The duality of probabilism and determinism is crucial in the design of the ServSoft whose implementation is essentially a software. Regardless of the probabilistic nature of some of its components, when talking about its data model, programmatic interface, execution flow, etc., they are deterministic. For example, in a retail agent system, the LLM is asked to do an analysis on a given input image and then describe what the product is possibly depicted in the image. The LLM component in the agent will firstly observe the content of the image with some prompt as inputs, too. This step is probabilistic, because the LLM may have some probabilities to give a wrong output, i.e., hallucination. The follow-up steps that trigger the corresponding retail specific operations, however, will be deterministic: with the outputs from the LLM, the system may redirect to the inventory management database to find the matches of the products together with their information. The products information may be used for the other operational activities like promotion information, logistics optimization, etc., before completing the service to the user. The agent-based ServSoft system shall take an input with a probabilistic process, but it shall also need at least one or more deterministic outputs to streamline its workflow for consuming the delivery of the output - the workflow can be linear or non-linear, depending on the complexity of the service itself.
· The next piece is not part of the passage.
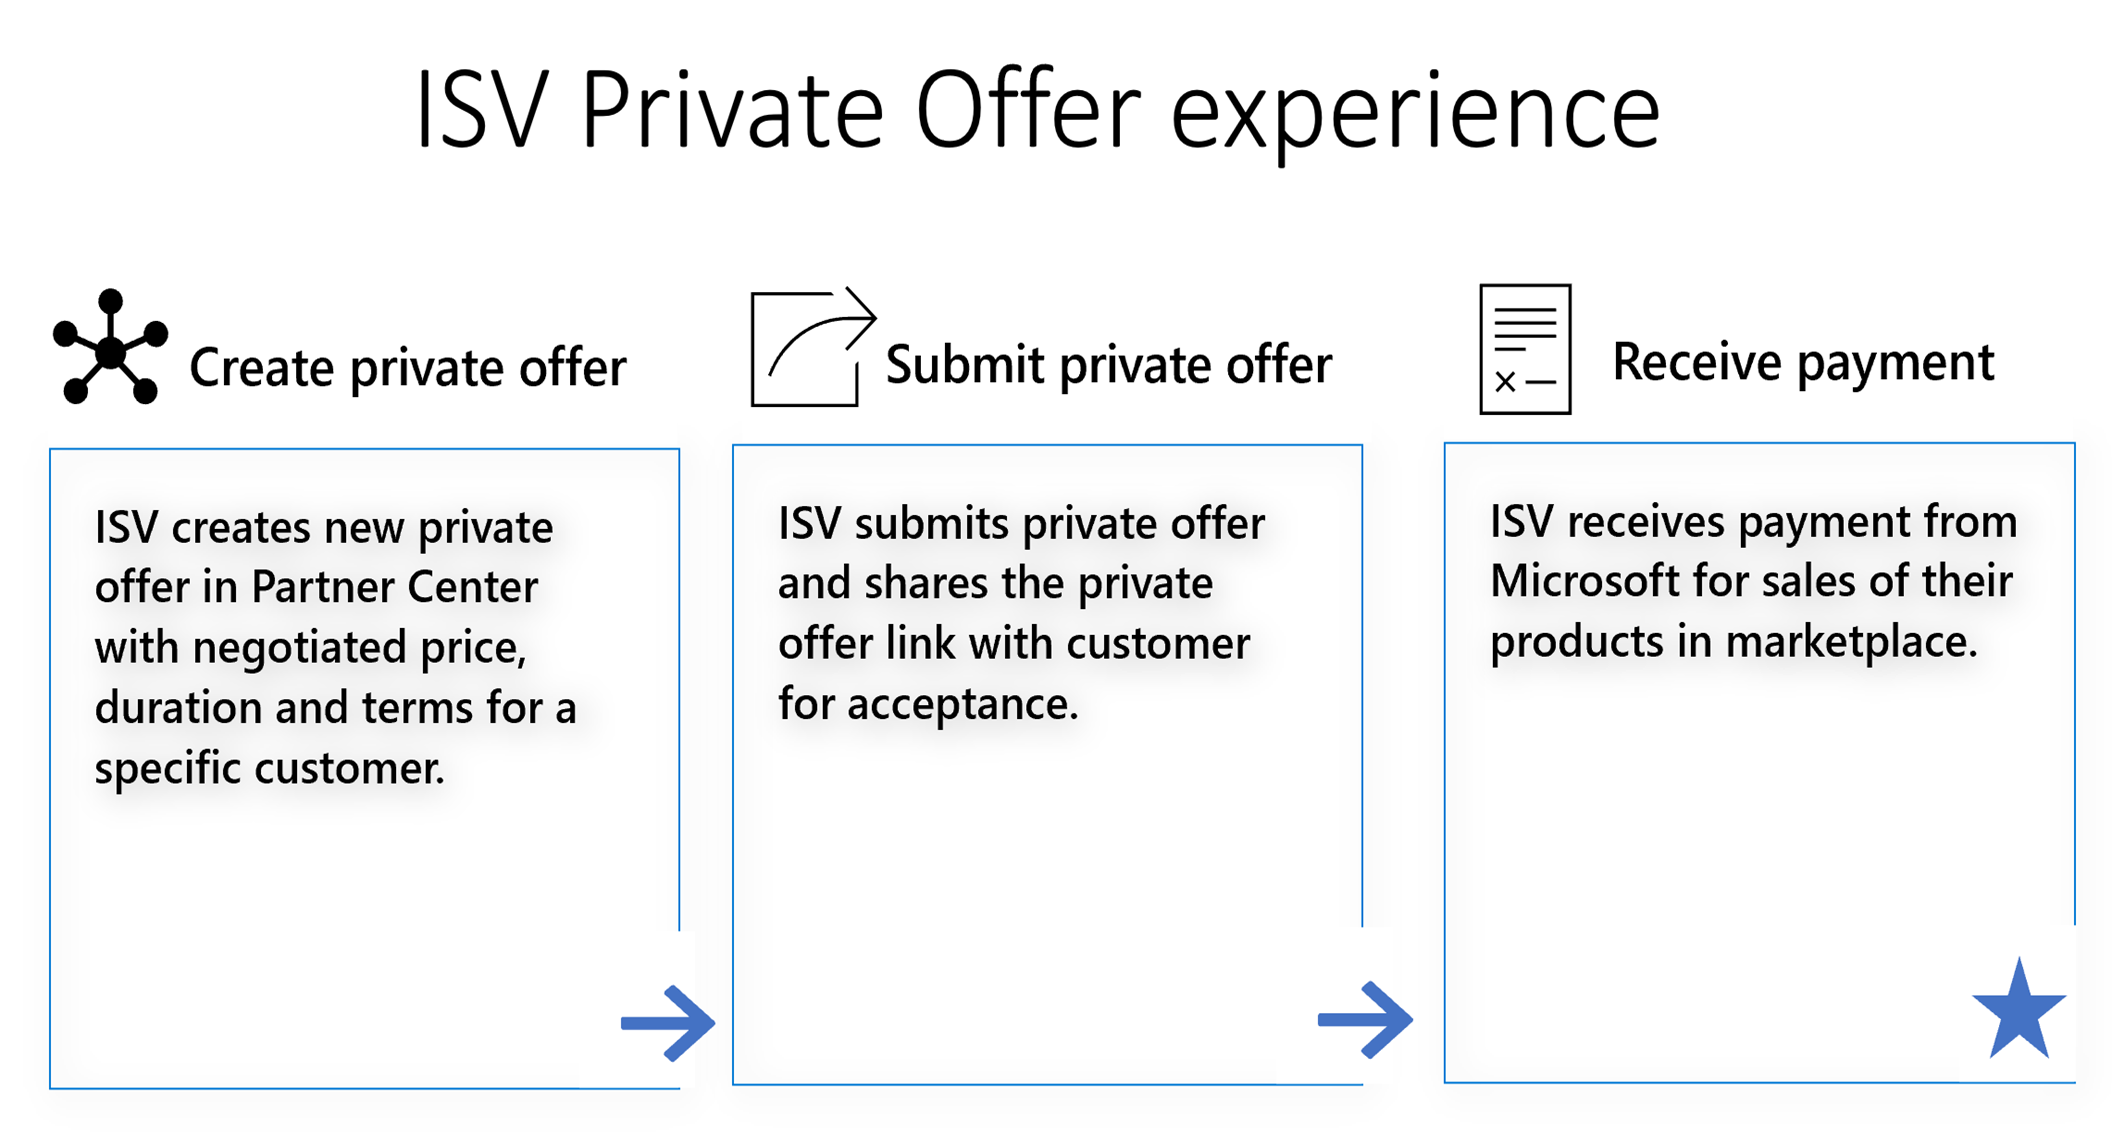 Shows the progression of the ISV private offer experience with customers.

The aims of having the deterministic outputs are multi-fold, it ensures the robustness of the software system, it avails proper governance, it allows calibration, and which to achieve among all of the benefits depends on the objective of the ServSoft system.
NOTE other than the determinism of the workflow, the software implementation of the service for some components shall be deterministic. Examples of such include the data model that are used for representing the immutable and repeatable information, the API endpoints with the schema definition for the parameters, payloads, and response, etc., and this reflects the nature of the modern software system to be Turing deterministic.
Ubiquity favors vertical adaptivity
The ServSoft system shall be ubiquitous in its interface. In fact, it is quite hard to find an alternative to LLM for the ServSoft system implementation, partially because LLM can be a generalist as well as a specialist. For example, ChatGPT is a generalist, because it can help users plan trip itineraries, generate code snippets, etc.; it can help users find answers to domain-specific questions like what is the definition of RoRWA in corporate finance? or how is a ring oscillator used in testing the digital chip performance?. Therefore, the agent system can be a vertical or horizontal one, depending on the target objective.
ServSoft is mostly useful when it is handling a vertical problem. Thinking about the definition in the beginning, a service is a contextualized set of tasks that achieve a business, societal, or environmental goal. And therefore, a vertical system is preferred for the benefits of domain-specific optimization, resource efficiency, scalability and modularity, clear responsibility, usability, and ease of adoption. To make the ServSoft system useful, the domain-specific system design should be considered rigorously. In the earlier blog post, ubiquitous language for domain-driven development, I tried to argue that, ubiquity of the domain-specific system is crucial. And the ubiquitous language is the key to achieving the ubiquity. This is because the ubiquitous language is the language that has expressivity of domain-specific traits, universal adaptivity across domains, understandability by people from different domain backgrounds, and clarity in defining technical implementation details.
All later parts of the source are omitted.